Glowing reviews for STXBP1-Related Disorders Research
Recently, the STXBP1 Foundation awarded Carpenter-Swanson a $25,000 seed grant to support her research. The University of Richmond just posted this follow-on media release story on their site on July 26, 2024. You can also read the article below.
Zebrafish amazed Colleen Carpenter-Swanson when she learned about their scientific potential from her pharmacology postdoc mentor at the University of California, San Francisco. At the time, her labwork involved using mice for addiction research.
“He was studying epilepsy in zebrafish, so that was my first exposure to the field,” the biology professor said. “I hadn’t really seen the translational aspect until then.”
She gleaned that the blue-striped tropical fish have many similarities to humans, and their complicated circuitry makes them a surprisingly good model for probing brain disorders. They’re also far more cost-effective than rodents: One female adult zebrafish can produce as many as 200 embryos at a time.
“I was used to working with four mice, if I’m lucky, in an experiment,” Carpenter-Swanson recalled. “All of a sudden you’re telling me I have 100 embryos to test my questions on?”
The big question in her UR lab now centers on how to treat a particularly severe early-onset epilepsy. Around 1% of the U.S. population has epilepsy. A rarer epilepsy type linked to mutations in the gene syntaxin-binding protein 1—STXBP1 for short—affects an estimated one in 30,000 and causes frequent spontaneous seizures.

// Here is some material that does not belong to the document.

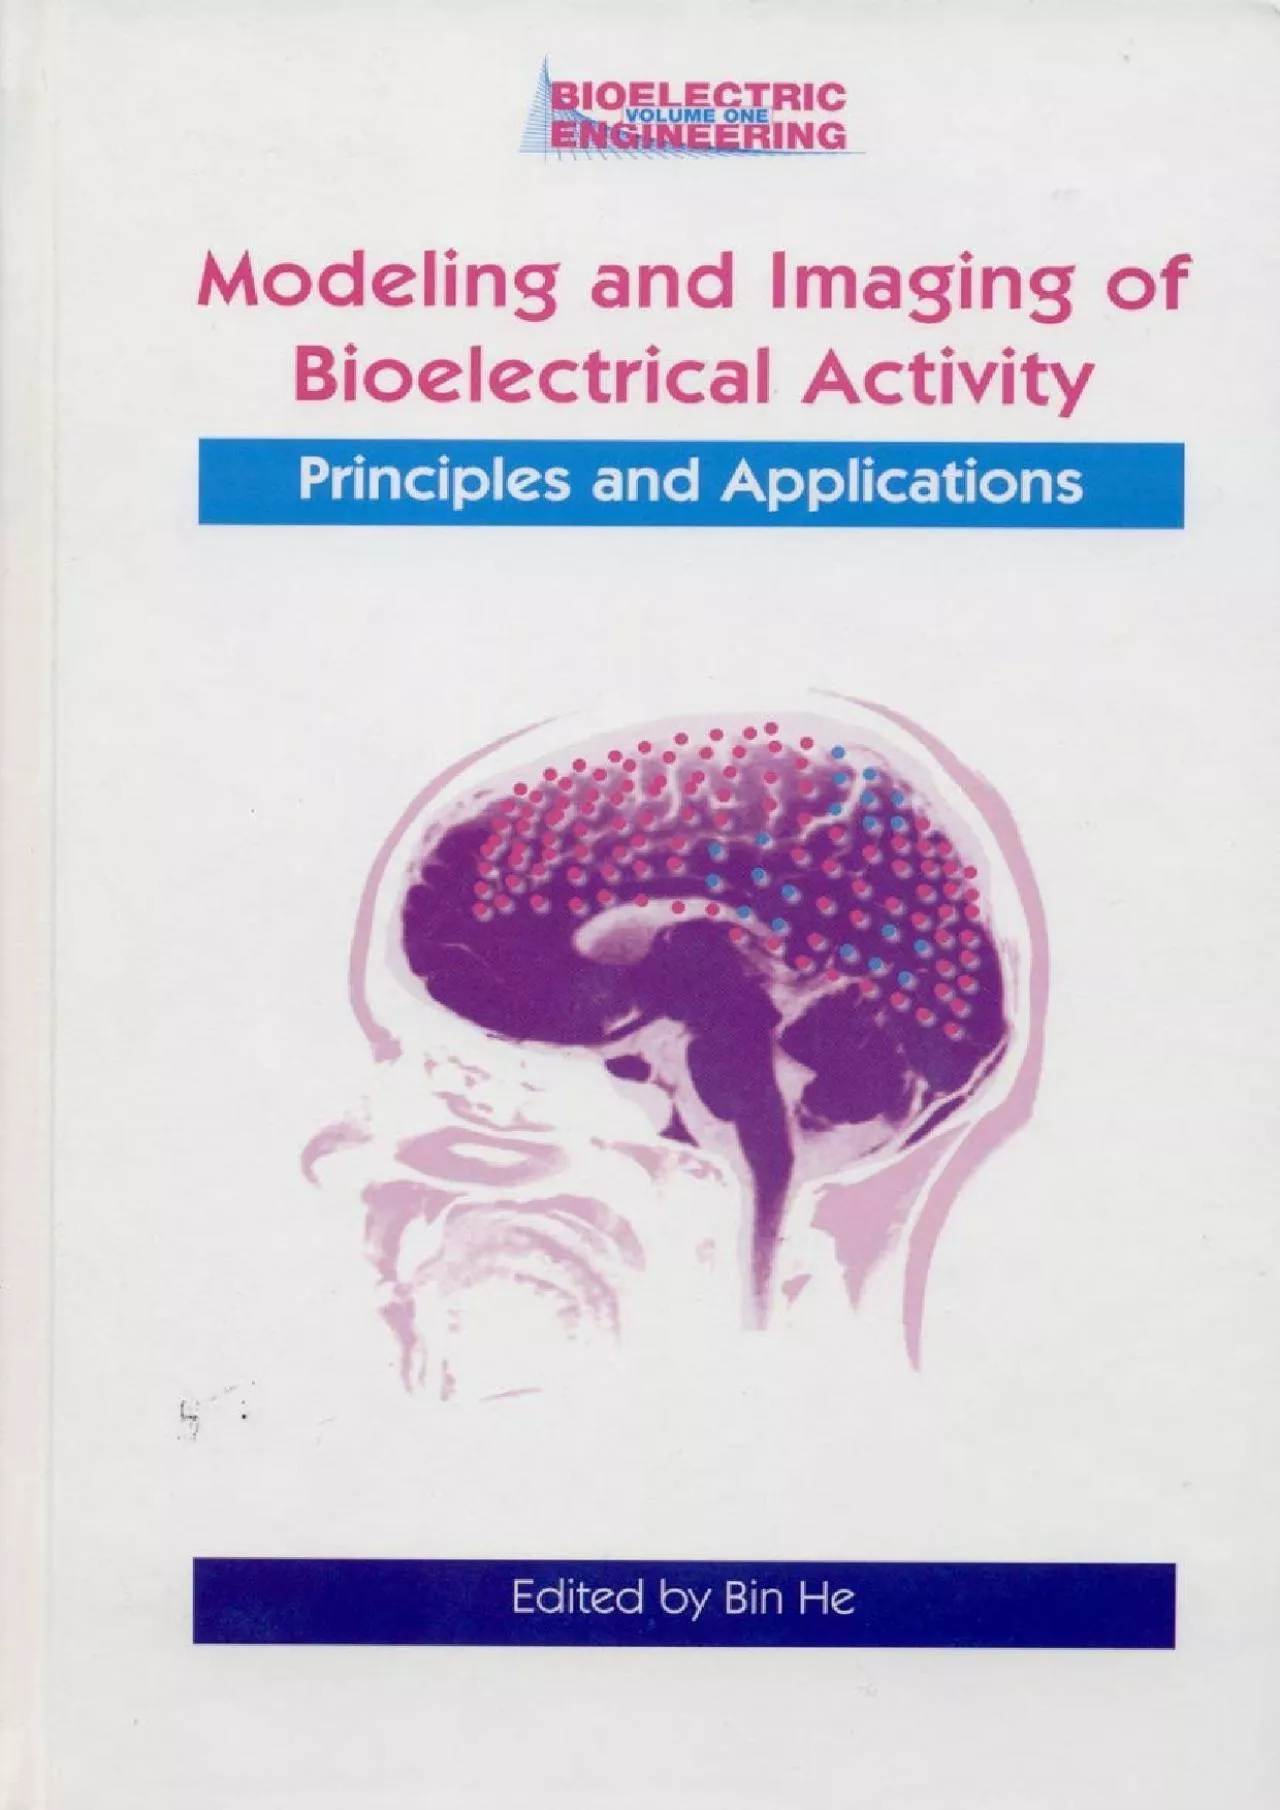 (BOOK)-Modeling & Imaging of Bioelectrical Activity: Principles and Applications (Bioelectric

“We’ve had beautiful experiments done in the past that have found some of the anti-epileptics we use today,” Carpenter-Swanson said. But a third to half the epilepsy patients taking available drugs don’t respond well to them, she added. Some treatments can even produce highly adverse side effects, such as childhood developmental delays. Some medications don’t work at all.
She said that her research goal is to learn how to treat the disorder and not cause harm.
During an epileptic seizure, the brain lights up with abnormal electrical activity. That’s where the zebrafish come in. Carpenter-Swanson and her students use the fish to screen FDA-approved drugs for potentially treating STXBP1.
“We already know the safety profile of these drugs,” she explained. “The hope is that we find this new indication.”
UR students learn how to perform the experiments, optimize them, and develop new ones. If they can identify compounds that block seizures in the zebrafish model, the existing drug could be repurposed for STXBP1 patients. Recently, the STXBP1 Foundation awarded Carpenter-Swanson a $25,000 seed grant to support this novel research.
These efforts further prove that the zebrafish model has broader scientific applications than previously imagined. “The more successful experiments we produce, the more we show that zebrafish belong in the `benchtop to bedside' model," she said.